Now and then, PQ was sure he was near death and asked to go
to the Pueblo for the final goodbye, but then he would change his mind and ask
to make his transition to the spirit world from our house, which meant that his
body would be taken in a hearse to the ancestral pueblo home and given the
traditional burial after death. I was very relieved by this decision. There is
no electrical outlet at the Pueblo, and he was now on 30 Ltrs of oxygen. He
would have been sedated with morphine and after the oxygen tanks ran out,
allowed to suffocate while his relatives waited for the final breath. I thought
perhaps the yearning to please his father and follow his way was behind this
drastic thought. I remember the jolt of being present when his father ran out
of oxygen and expired in minutes.
All of us were under stress and sometimes there were
misunderstandings and flareups. I sardonically imagined this would be a good
topic for a family drama. One night his oldest son and I thought he was almost
gone, called the younger son to come immediately and then decided to help his
transition by playing appropriate music by his favorite musicians. “Journey to
the Spirit World” by Buddy Red Bow was our first choice, followed by other
artists such as Van Morrison, Tina Turner and Bruce Springsteen. I no longer
remember the whole lineup, but I do remember that it had a surprising effect. He
became lively and started tapping out the rhythm of each song. The musical
reboot lasted for two days.
I hoped he would make it to our tenth anniversary, an
important date even though we had been together much longer. The marriage was an occasion for bringing our friends together in celebration of our
partnership and that made it special.
On his last day in the body we knew, he had no energy for anything but breathing. He never entirely came to consciousness. In the late afternoon, his son Jarrick and his fiance left the house to get some food. It was now safe to leave him alone with one person. I sat beside him as he struggled with each breath. it was unbearable. Both he and I were hopelessly fighting against the inevitable. I put my hand on his forehead, stroked his wounded chest and told him, "dear love of my life, you cannot overcome this. Your lungs will never get better. I will love you forever no matter where you are. Your lungs are keeping you trapped in a struggle it is too late to win. I love you always and everywhere, body, soul and spirit forever. Then I went outside for several minutes and prayed under the beautiful summer sky, surrounded by the trees and flowers we injoyed over morning coffee in better days. I was outside perhaps five minutes, and when I returned he had stopped breathing.

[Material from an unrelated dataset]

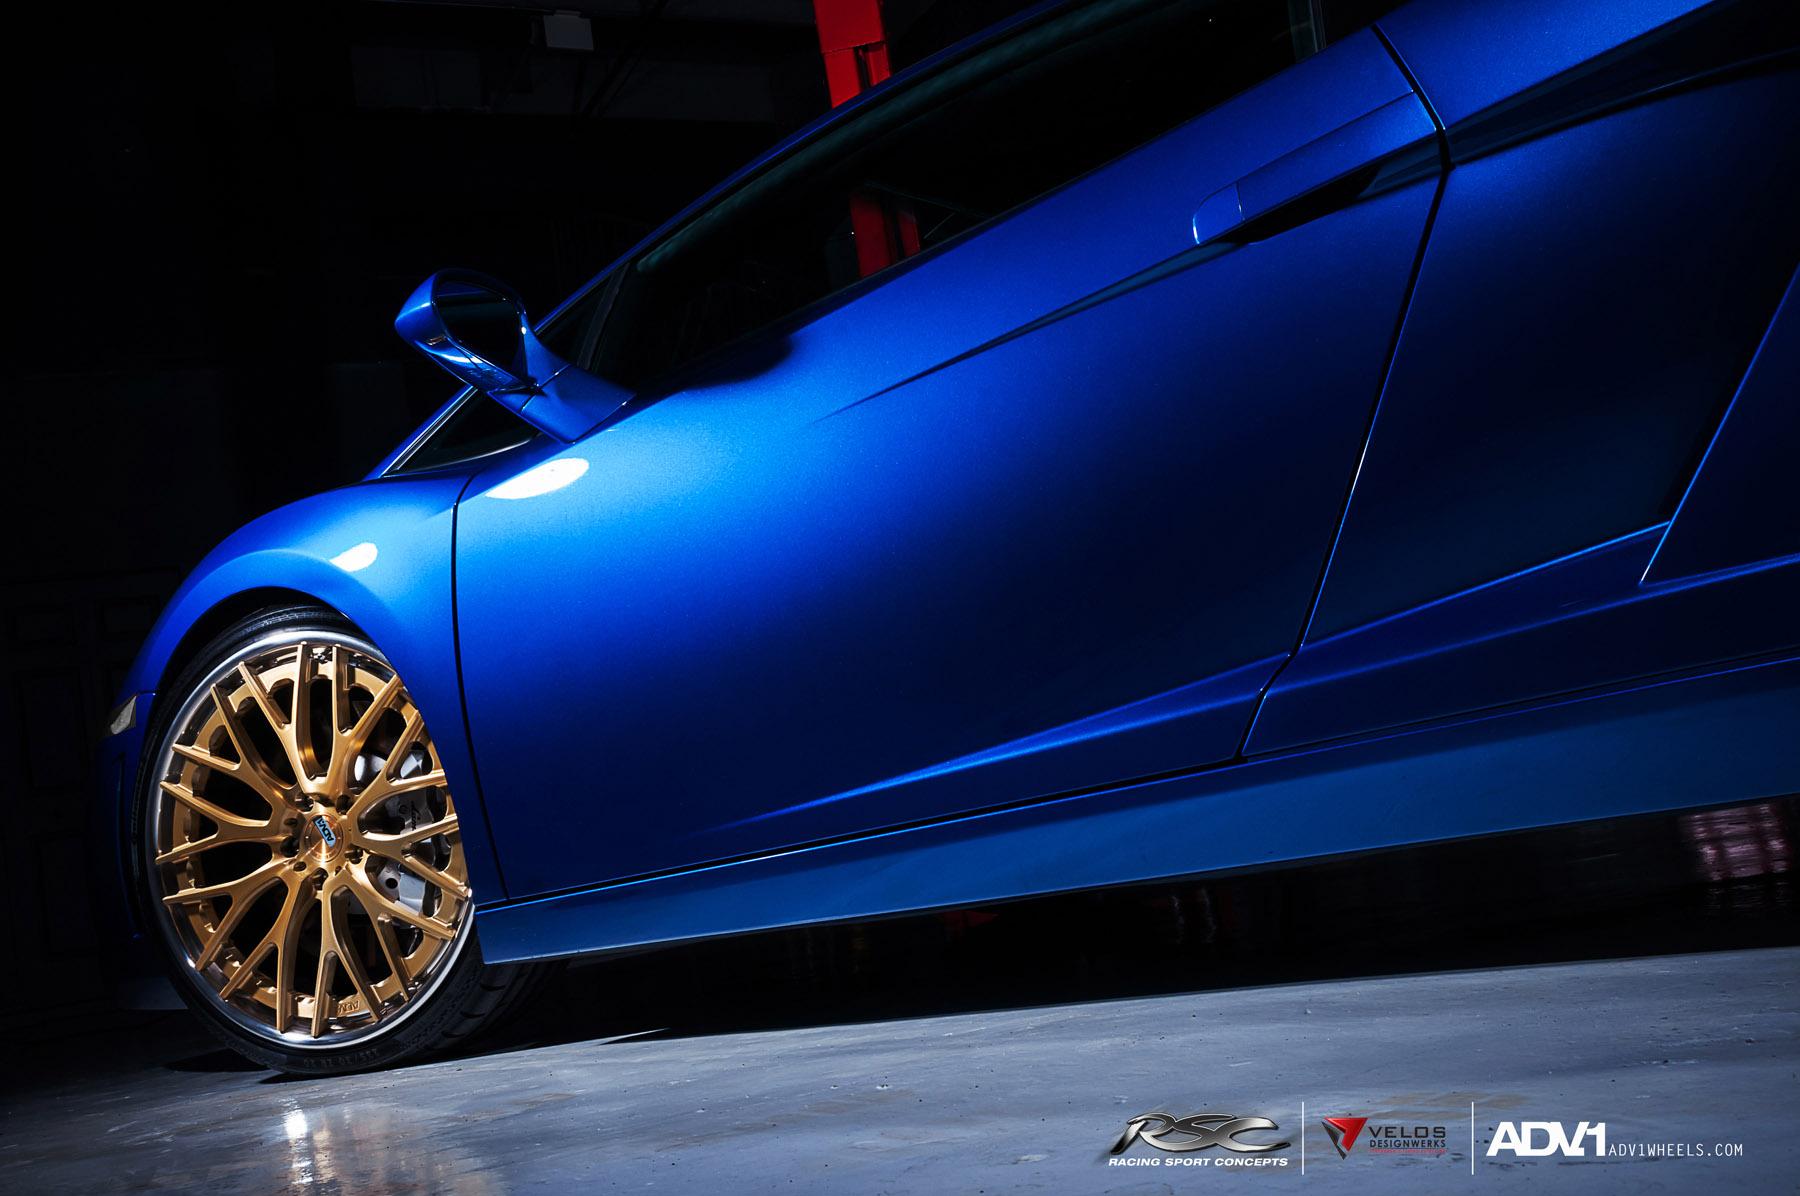 ADV.1 колеса Lamborghini Gallardo ADV10.0TS SL Gold Edition  - фотография №9

I don’t know how to end this missive. I don’t feel the
process is yet complete, perhaps it never will be and it is just a long wait
until we can resume our life together with new bodies. I’ve restored our house
to clean, orderly and comfortable, a mutual friend sent me a beautiful white
orchid for my birthday and dear friends we shared took me out to dinner. He is
always present, although now he lets me talk too. That’s the big difference. I
say this not to be unkind, but our relationship made plenty of space for him as
a performer and extroverted party boy. I didn’t resent this because, I had a lot
of sway behind the scenes and also had my personal life trajectory.
My new freedom feels like an extended gap between breaths.
There is nothing new to fill it, but the beauty of early summer allows me to
keep the windows and doors open to life on the outside. I hope PQ is feeling free and at
ease after his long struggle with that cruel thief of oxygen, pulmonary fibrosis.